A verbatim reproduction of the following listing is required; omit the pictures.

● DATA EXTRACT:

┄┄┄┄┄┄┄┄┄┄

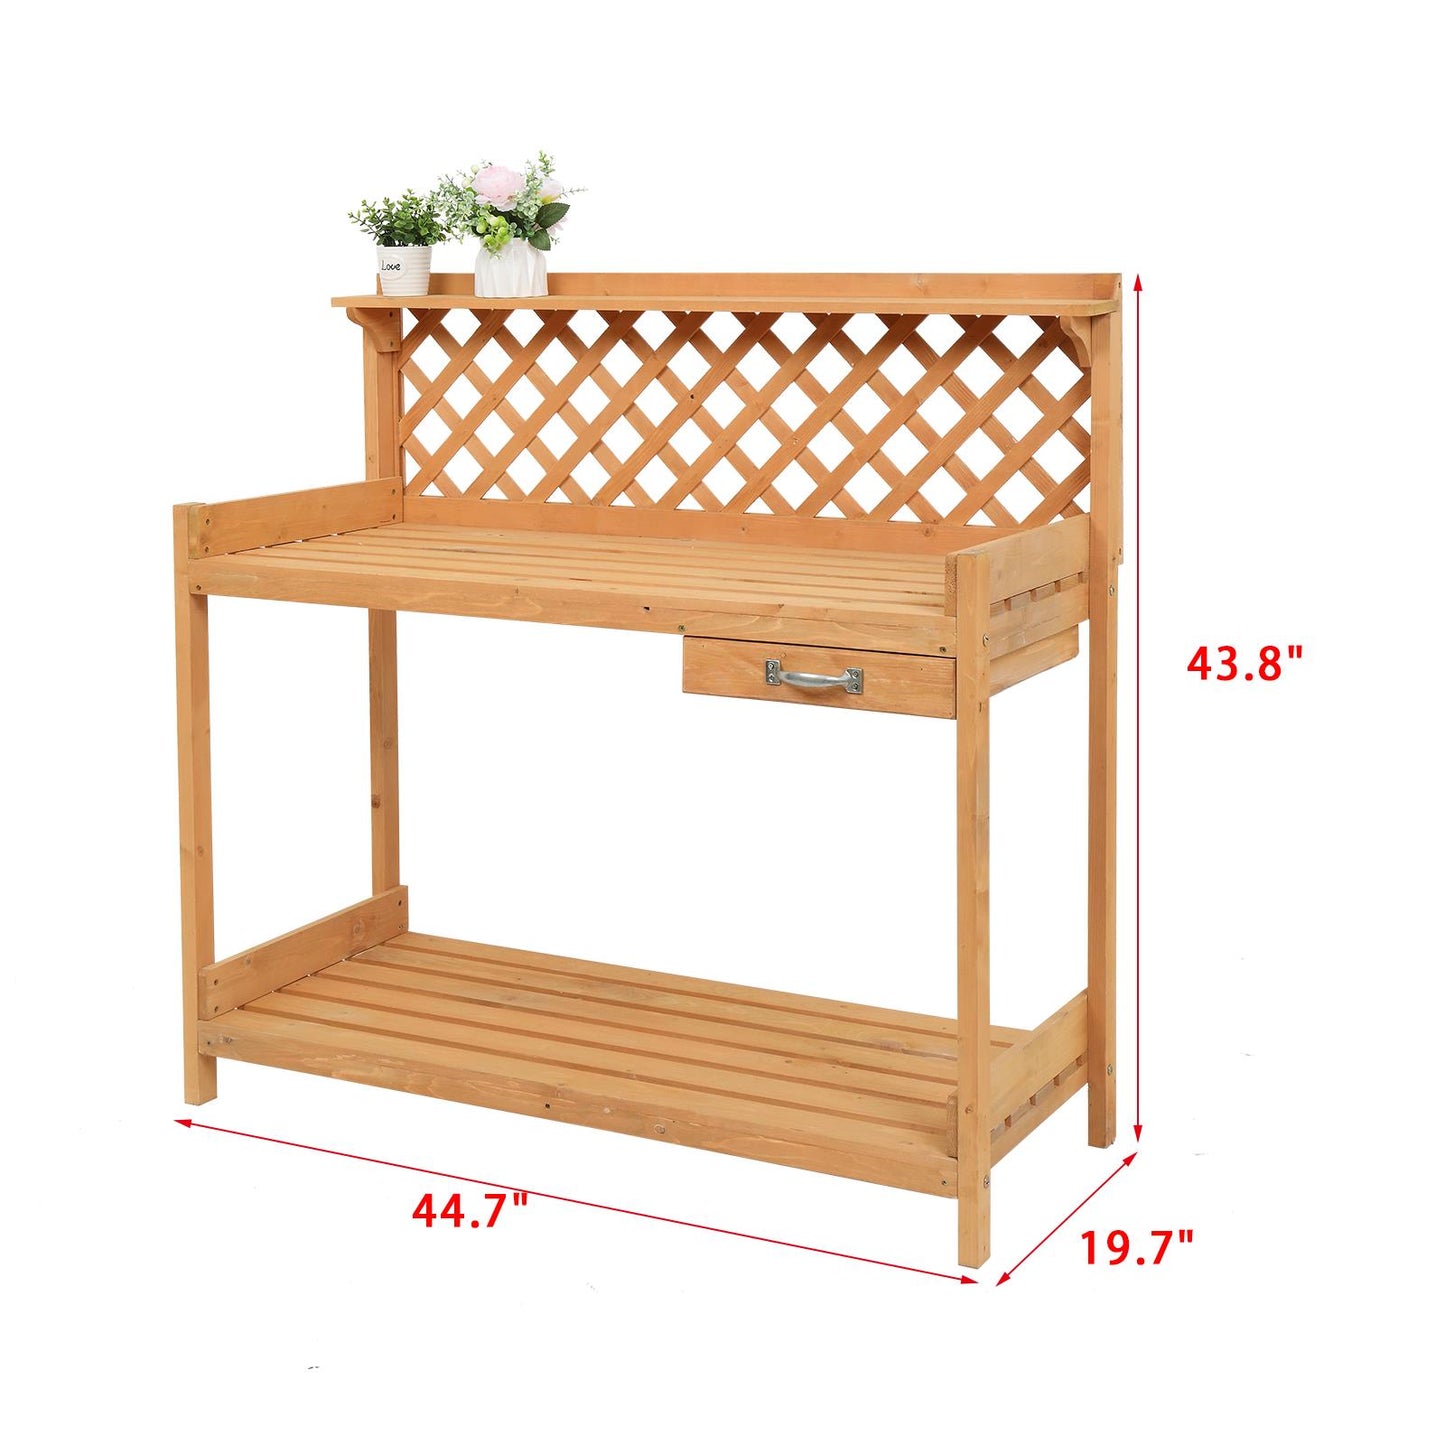 Garden Workbench With Drawer
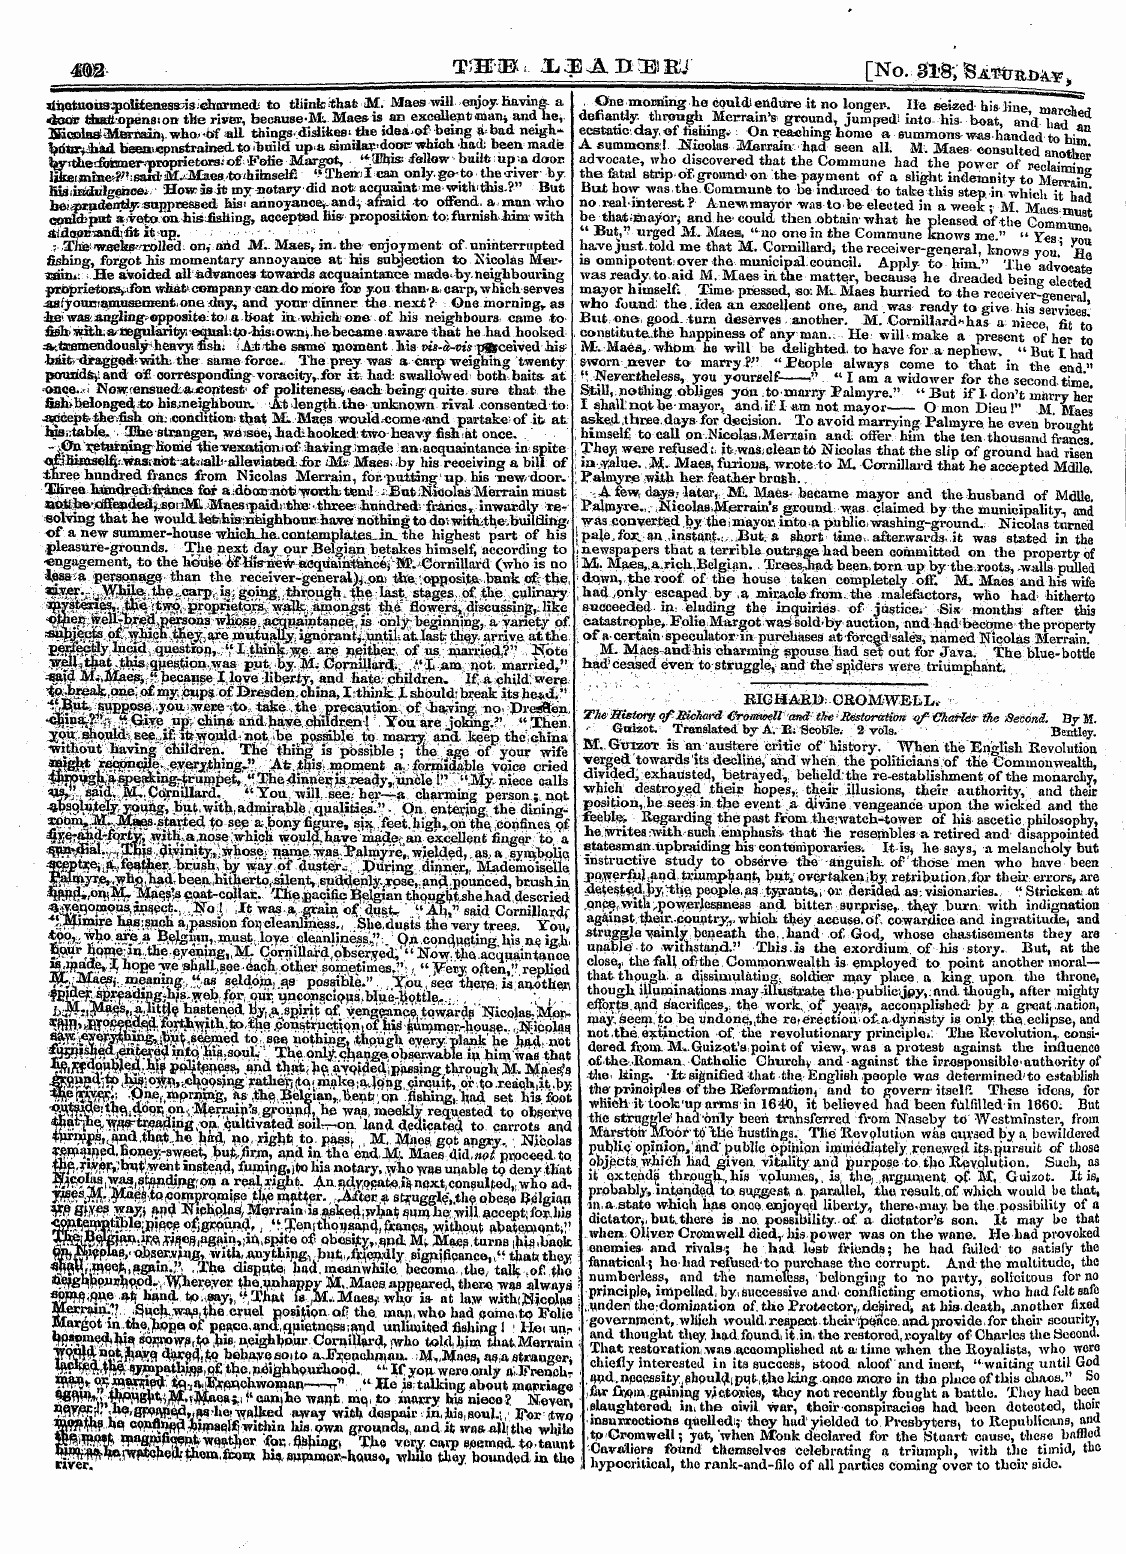 Leader (1850-1860): jS F Y, 2nd edition - «A- Tih-Jbu Jjjsaptblkj- [No. 31# , Saw ...
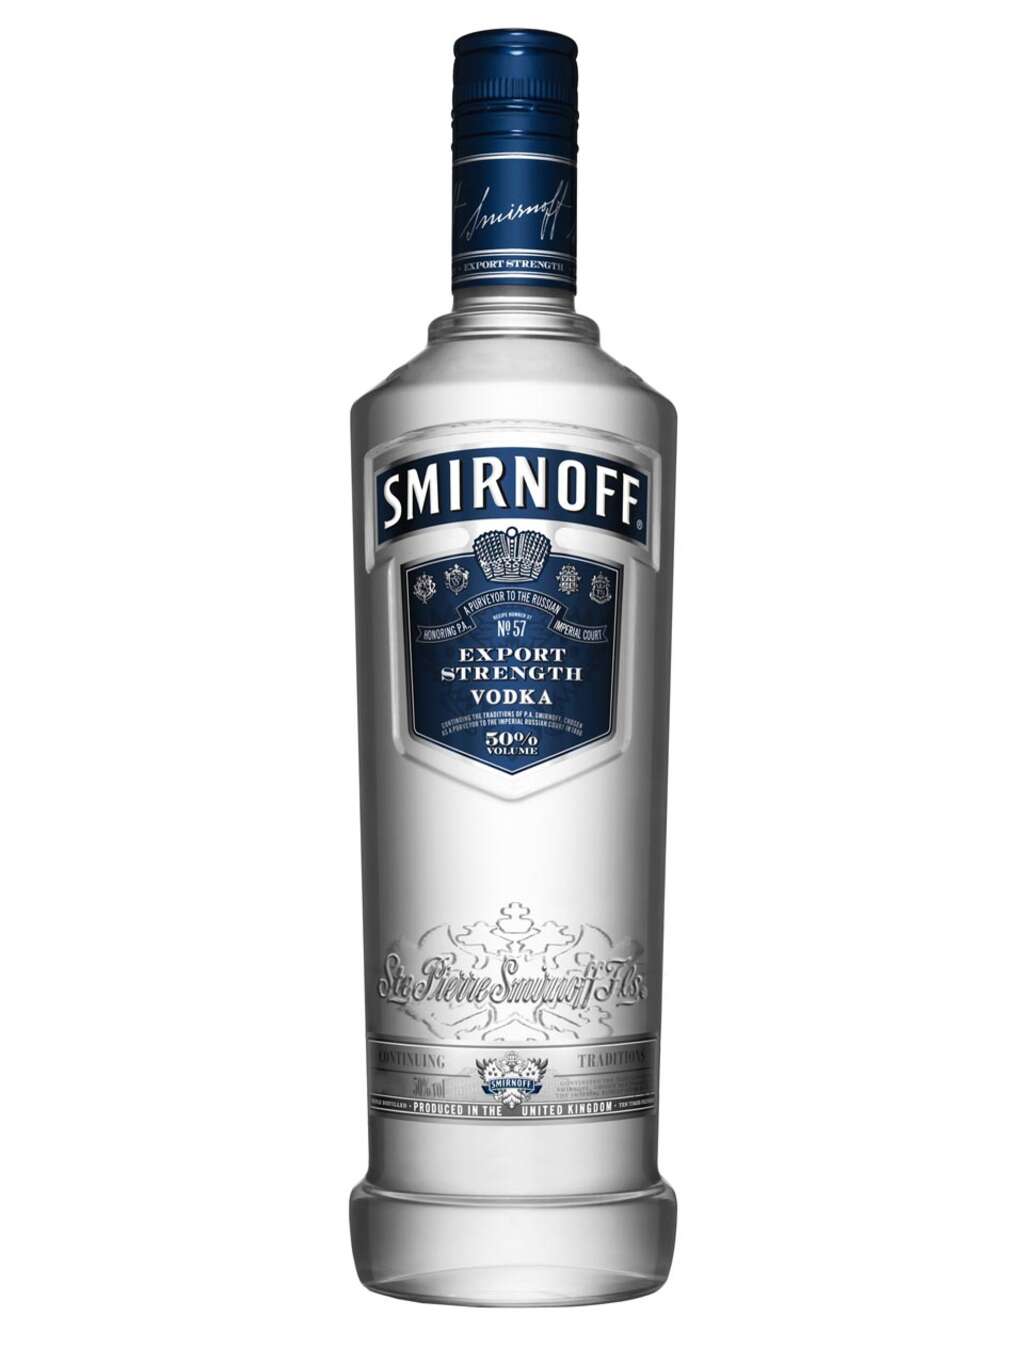 Smirnoff Blue Vodka

┄┄┄┄┄┄┄┄┄┄

● ANSWER SECTION:
 Garden Workbench With Drawer
 Leader (1850-1860): jS F Y, 2nd edition - «A- Tih-Jbu Jjjsaptblkj- [No. 31# , Saw ...
 Smirnoff Blue Vodka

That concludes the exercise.